Yes this is from one of those Facebook-frenzied memes that is sooo two months ago, but it was an exercise that reminded me why I loved blogging. So sue me.
25 Things
1. When I was little, I wanted to BE a cat.
2. I’m a little bit afraid of stairs. I have to be able to see my feet when I go down. I think this is due to my natural lack of balance.
3. I probably have the largest privately-owned collection of nail polish. I keep it in my purple Caboodle circa 1992. This is probably due to my Catholic school upbringing where nail polish was strictly prohibited.
4. Despite my fluctuations in belief, sitting through a Catholic mass in France and in Ireland was amazingly comforting and safe. I love the beautiful, peaceful austerity of a quiet church when no one’s around.
5. I get my cruel sarcasm from my mom, and my goofy inappropriate humor from my dad.
6. I’m kind of a wizard at Excel. And PowerPoint. Most Office products.
7. I love live musical performances.
8. When I was 2, my mom was asked to have me participate in a research experiment. There were 3 stairs of varying heights, each with a box of toys at the top, the goal being to see which set of stairs the toddlers would climb. I sat down on the nearest flight and played with the styrofoam lining the stairs so the kids wouldn’t fall off. The researchers told my mom that my data was unusable.
9. I think maybe I should have been born a gay man. What with the love of Bette Midler and musicals and such.
10. I like being fancy.
11. I totally won the girl’s division in our first grade typing class. I didn’t even practice.
12. I never thought I’d be a dog owner. (But I like it).
13. My biggest pet peeve is when people make intransitive verbs transitive. Like, “Thank you for shopping Kmart,” or “David Copperfield will vanish 18 people from the audience!” My biggest pet peeve also makes me sound like an ass.
14. I wanted to be an interior decorator until my dad told me I was too smart for that.
15. If I could do anything and not worry about money, I’d be a writer. Mostly random thoughts like David Sedaris… I don’t have the patience to form a fully-developed story.
16. I was constantly in awe when I was in France. I couldn’t believe I was actually seeing the things I’d read about, and there was a part of me that believed I could never go.
17. I hate the shape I’ve become.
18. I loved working at a TV station, even though my job was technical and boring. I just liked being around the action.

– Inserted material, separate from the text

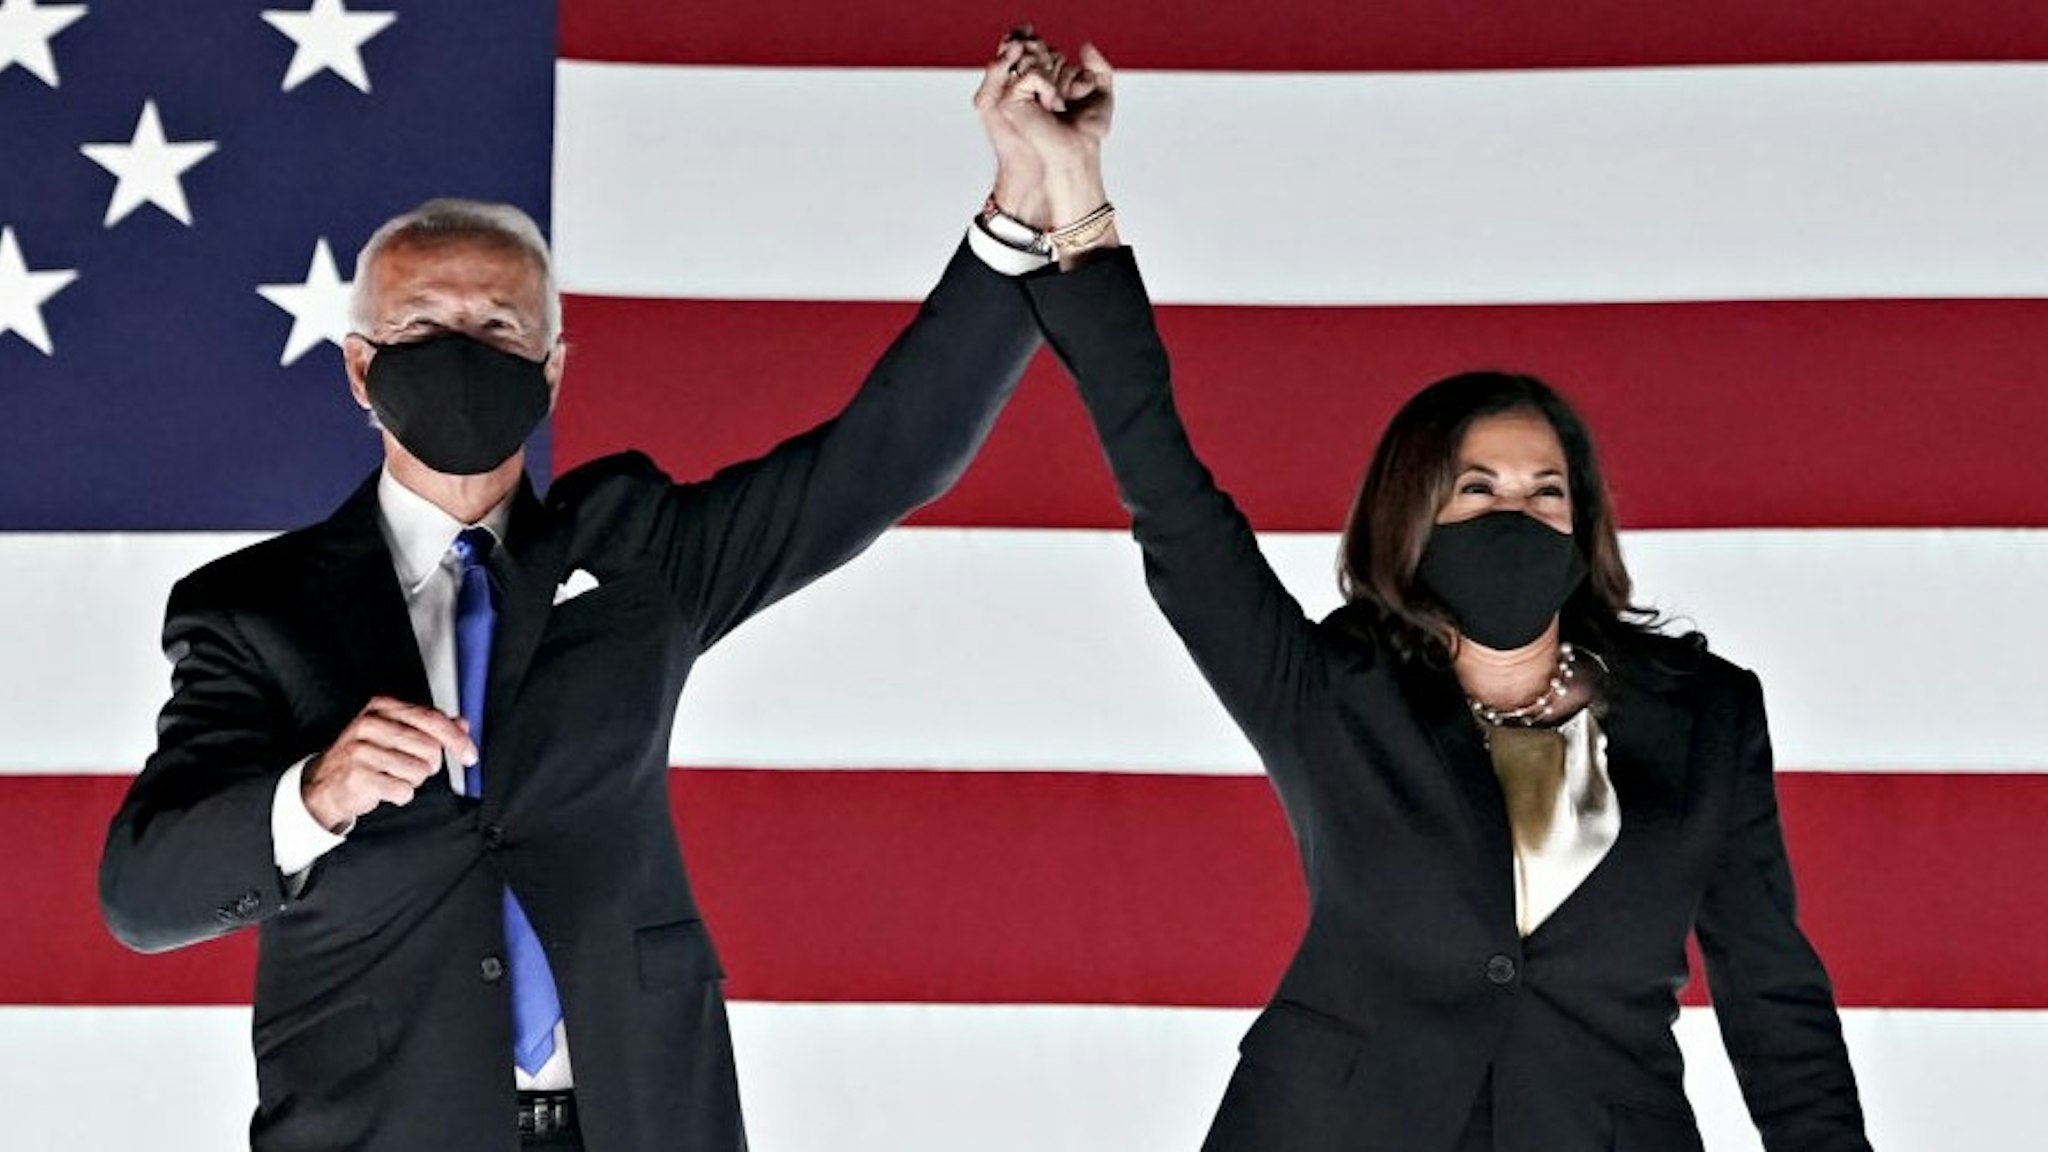 Former Vice President Joe Biden, Democratic presidential nominee, left, and Senator Kamala Harris, Democratic vice presidential nominee, wear protective masks while holding hands outside the Chase Center during the Democratic National Convention in Wilmington, Delaware, U.S., on Thursday, Aug. 20, 2020. Biden accepted the Democratic nomination to challenge President Donald Trump, urging Americans in a prime-time address to vote for new national leadership that will overcome deep U.S. political divisions. Photographer:

19. I’m probably thinking “That’s what she said” after 85% of the sentences you say.
20. In high school, I made a pact with my 2 best friends that if we weren’t in serious relationships (or maybe if we hadn’t had a serious relationship) by the time we were 30 we’d go into a convent together. But as that future started to look a little too close I decided I’d rather be a crazy cat lady instead. Because then you don’t have to be good and quiet, and I can throw cats at people.
21. I can’t believe my incredible dumb luck at finding someone who can put up with all this craziness.
22. I saw Star Wars: Phantom Menace 7 times. In the theater.
23. I saw Kid Rock in concert. With my mom. Tenacious D opened.
24. I never thought I’d find a group of friends as amazing as my high school posse until I went to France. I’m so proud of all of my friends and what they’re doing in the world.
25. The most comforting place to me is a bookstore. When I’m really depressed I’ll go browse for an hour or two.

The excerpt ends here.